I was almost ready to sing a hearty three cheers for the chef, but then reality hit harder than a Mars rover landing with our entrees. Mikey chose the double-cut pork chops with pancetta sauce. But we were taken aback when our blond server-siren asked him how he wanted them cooked. I mean, what better way to court trichinosis than by eating undercooked pork? "Very well done," Mikey replied, but when said pork chops came, they were still pink on the inside! Mikey ate them and lived, though the pork chops tasted like they'd been dipped in a barrel of brine: probably the pancetta, though it was akin to French-kissing a salt lick.

Brad's filet mignon with béarnaise was equally salt-laden, but that suited Brad fine, as the boy has an unnatural predilection for sodium chloride. My own choice of duck two ways continued the saline theme. Though the seared duck breast was tender and delicious, the confit leg and thigh seemed too salty, even for confit. I'm not sure what to make of all this, as on my return trip, the items I ate also seemed as if someone went crazy with the salt cellar. By Donald Trump's hairpiece, could the chef be on commission from Morton?

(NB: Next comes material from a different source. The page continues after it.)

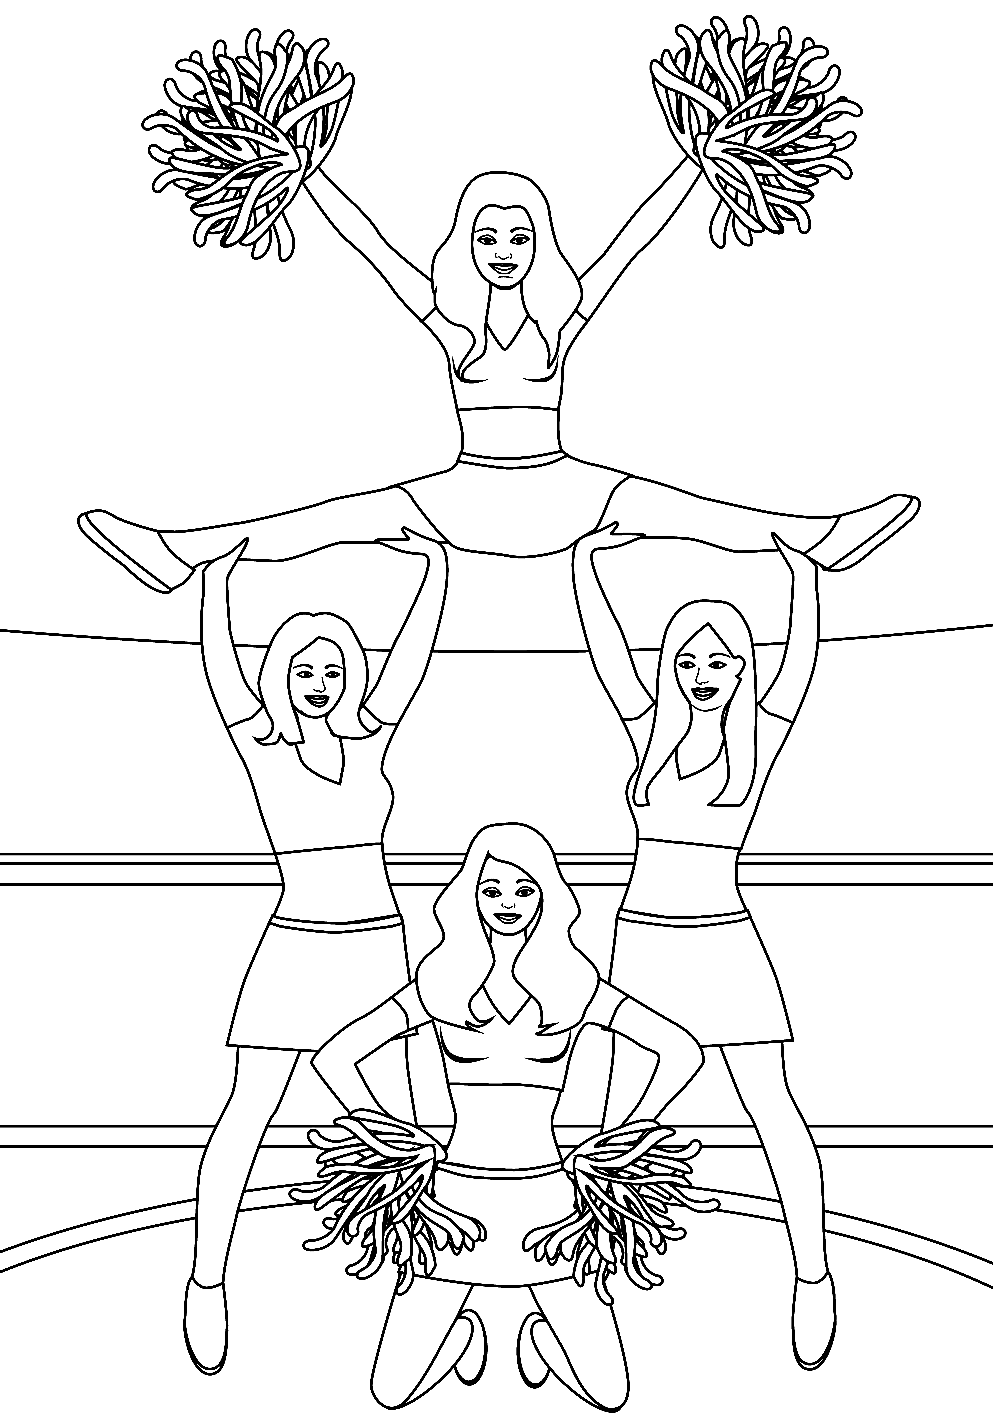 Team Cheerleader Printable Coloring Page

Dessert was extraordinarily disconcerting. On my first visit, there were none available. Not even a Milky Way bar. On the second, I had two choices: cheesecake or some vanilla or chocolate ice cream. I chose the former, hoping against hope for a big fat piece of New York-style cheesecake. Guess again, polenta breath! What I received was a small, cylindrical, crustless bit of confection topped with one stinkin' blackberry.

My advice to the management of the regal San Carlos is to put a call in to Father Merrin from The Exorcist, slap a copy of "Tubular Bells" on the CD player, and stock up on Holy Water and crucifixes. Because, unfortunately, their curse de cuisine seems more powerful than ever.